From a problem solving standpoint, we should use both reductionist and holistic approaches. Reductionist thinking is mechanistic in nature, and it does not look at how everything works in relation to one another. However, this thinking has value and is needed to some extent. Russell Ackoff, the famous Systems Thinker, has stated that reductionist thinking, the idea that everything can be reduced to its individual parts, helps us in understanding how a system works. However, this does not explain why a system works the way it does. This requires holistic thinking. Holistic thinking is the “big picture” thinking – how the parts interact together to align with the system’s purpose, and how the system’s emergent properties align with the system’s purpose. This is the thinking that leads to the understanding of why a system is acting the way it is.

When we add humans in the mix, we are introducing parts that have a purpose on its own that may not align with the system’s purpose. The problems that arise from the interaction of humans and other parts in the system are tricky. One of my favorite stories on this is the Cobra Effect story. During the British rule in India, there was a concern about the high number of venomous snakes, especially deadly Cobras, in Delhi. The British regime in Delhi posted rewards for dead Cobras. This had some impact initially since the farmers started killing Cobras. However, things soon got out of hand when some of the farmers started breeding Cobras in order to get the reward. The reward program was scrapped by the British regime when they became aware of this. The interaction between the farmers and the reward system was strong, and the purpose of the farmers was to get as much reward as possible, where as the intent of the system as desired by the British regime was to eliminate or reduce venomous snakes. It is not easy to predict all things that can go wrong, however as we build a system we should look into resilience properties of the system with the expectation that some interactions have been overlooked.

This also reminds me of a manufacturing related story from my Materials Selection class in school. A plant started utilizing ultrasonically welded plastic parts to which plastic tubes were assembled on to. After 6 months, an operator noted that all of the assembled components in inventory were cracked. This puzzled everybody, and the finger was first pointed at the suppler that provided the welded plastic parts. However, the inventory of the incoming components did not show any cracked parts.

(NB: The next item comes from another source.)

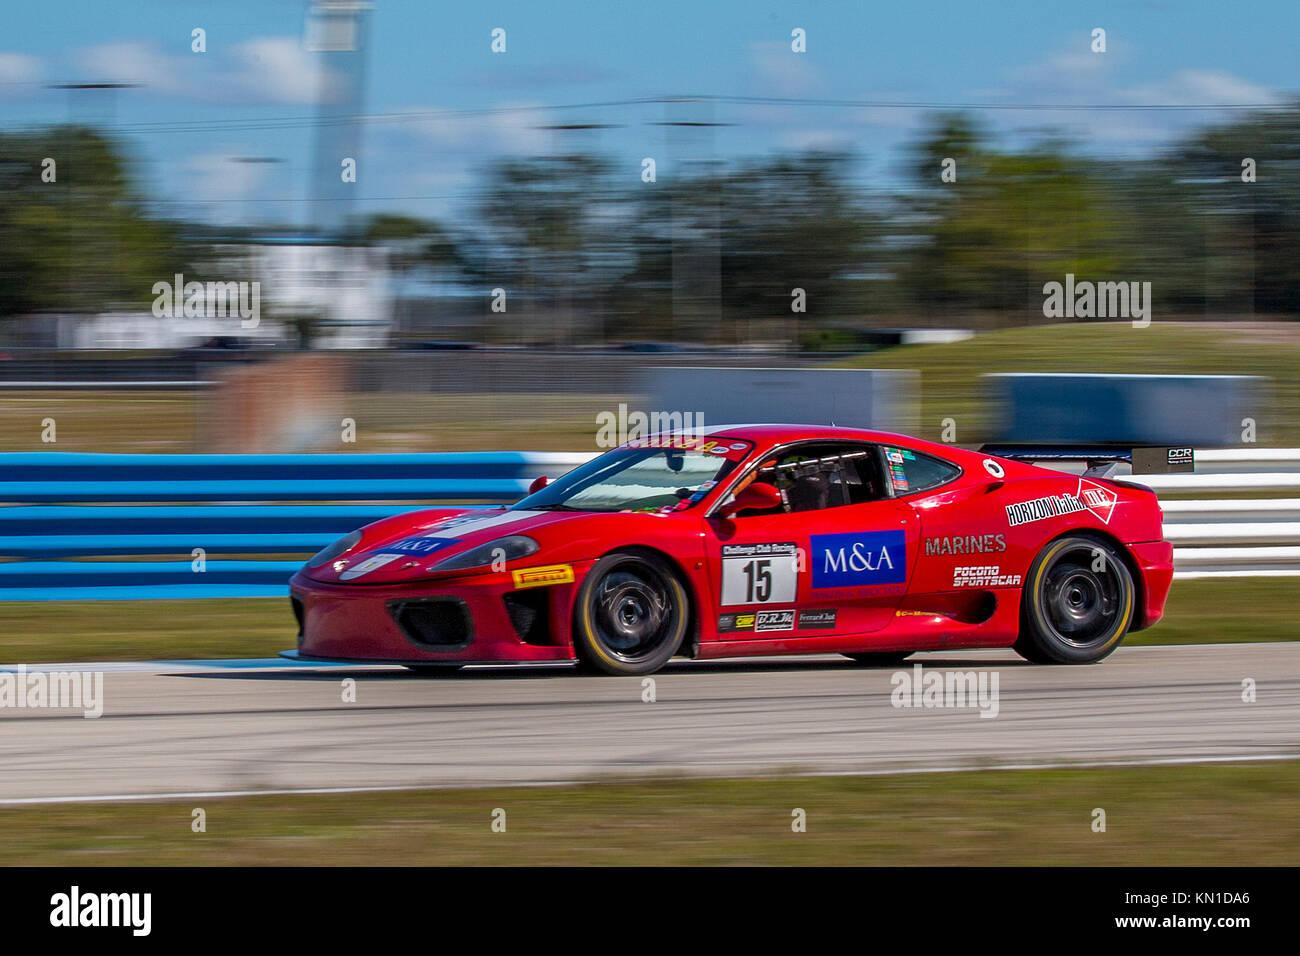 Race car at the Classic 12 Hour & Sebring Historics ; Sebring Historics; ; at Sebring International Raceway - Stock Image

It was later identified that a new operator started using alcohol as a lubricant to assemble the tubes onto the plastic parts. The operator was trying to make the operation easier to do. The alcohol-induced chemical-stress along with the residual stress from the welding led to the cracking. The human interaction on the part – the ease to assemble was not looked at. The operator’s purpose was to make his process easy and did not look at the big picture – how this interacted with other parts in the system.

Reductionist thinking alone is linear in nature and leads to quick fixes and band-aids.  Some examples are simply replacing a part of the system or providing training alone as the reaction to the problem.

Holistic thinking, on the other hand, is not linear in nature and does not lead to quick fixes with the hope that it addresses the problem. Holistic thinking results in either changing a part of the system, or changing how a part interacts with the system. Both of these result in a modified system.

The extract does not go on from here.